Sample and procedure
A total of 115 women with endometriosis were consecutively recruited from a tertiary referral pelvic pain clinic between April 2003 and September 2006. The Institutional Review Board of the University of North Carolina (UNC) approved the study. All English-speaking and literate women between the ages of 18 and 65 who were new referrals for evaluation of endometriosis-associated chronic pelvic pain at the UNC pelvic pain clinic were eligible for participation. We did not exclude anyone based on pre-existing psychological and/or physical condition. These patients were part of a larger, previously published study on psychosocial correlates of chronic pelvic pain (Meltzer-Brody et al., 2007
). From the larger study (n
= 628 enrolled of 722 eligible), 459 were new referrals to the clinic and were asked to be in a longitudinal study. Of those, 310 agreed to participate and returned at least one follow-up questionnaire (67.5% return rate). For the current paper, we studied only those new longitudinal patients with endometriosis-associated chronic pelvic pain (n
= 123). We excluded eight patients for whom we could not identify medical record data; thus, our cohort consists of 115 participants. Later, we describe in detail our methodology for ascertainment of endometriosis-associated chronic pelvic pain case status.
Following informed consent and prior to examination, participants completed a battery of questionnaires assessing severity of pain, quality of life and psychosocial variables such as catastrophizing. In addition, participants completed a baseline demographic and medical history questionnaire before undergoing standard evaluation by the clinical team. The examining physicians, regionally recognized as experts in the field of pelvic pain, did not review participants’ questionnaire responses. Their findings, diagnostic impressions and recommended treatments [e.g. medications, surgery, referral to physical therapy (PT)] at baseline and over the follow-up year were recorded in electronic medical records. A team of four trained research associates then abstracted these data.

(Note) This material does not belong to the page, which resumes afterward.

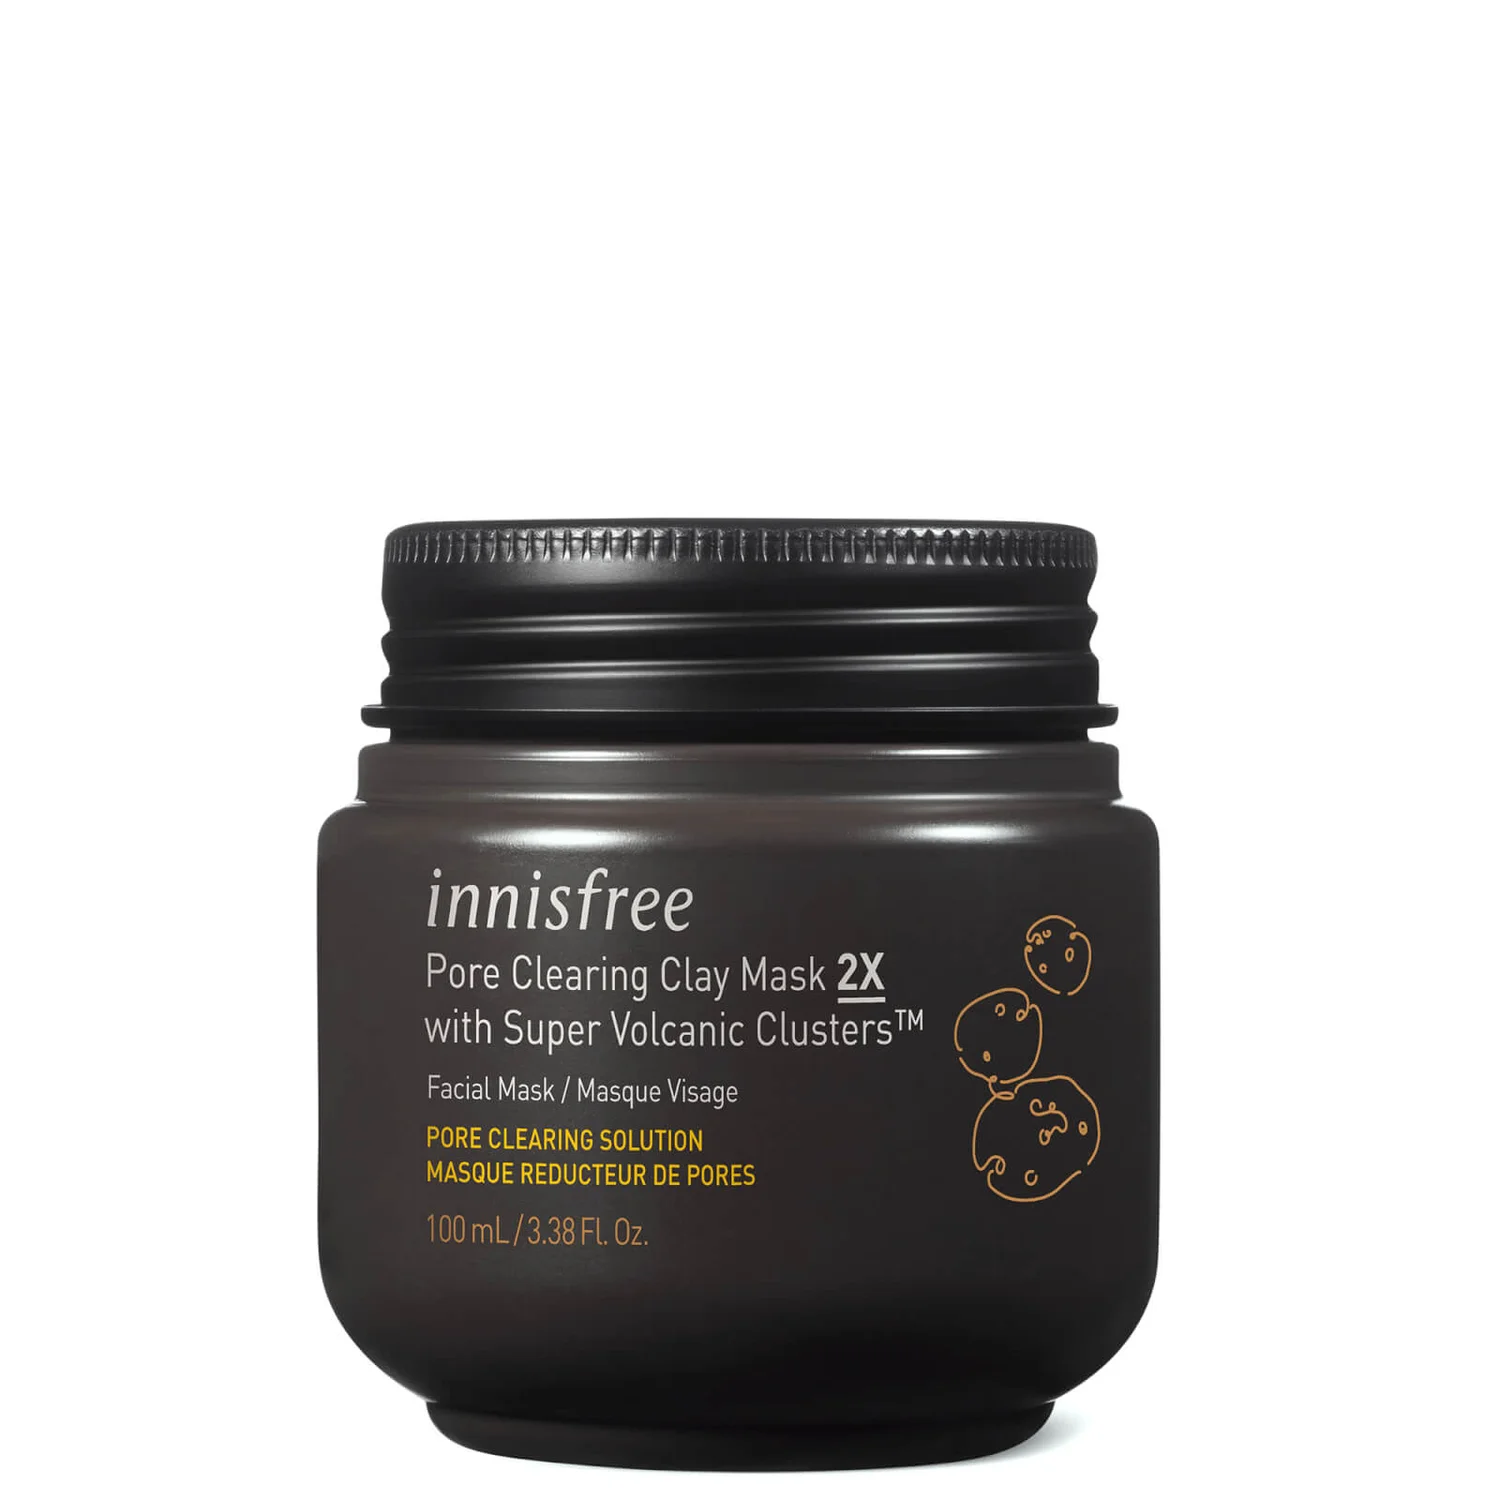 cultbeauty.co.uk | innisfree Pore Clearing Clay Mask

We used two complimentary methods for ascertaining case status as endometriosis- associated pelvic pain: (i) patient self-report on entry per demographic questionnaire and (ii) review of electronic medical records. Based on our record review, we could confirm a surgically based diagnosis of endometriosis for 111 patients; four women were surgically diagnosed during the study period. Therefore, our cohort consists of 115 women who were surgically diagnosed with endometriosis and experienced intractable pelvic pain despite conventional treatment modalities; 93% completed the 1 year pain questionnaire.
Demographic and clinical history
The baseline study entry questionnaire provided demographic and medical history information concerning age, years of education, race, marital status, duration of pelvic pain, number of prior surgeries for pelvic pain and previous hysterectomy. Number of prior surgeries for pelvic pain was truncated to six surgeries in order to reduce outliers. As a result of our population demographics, the race and marital status variables were treated as bivariates in data analyses (e.g. Caucasian versus other, married versus not married). When self-reported data were missing for the duration of pelvic pain and previous hysterectomy variables, information on these variables was obtained from the medical records.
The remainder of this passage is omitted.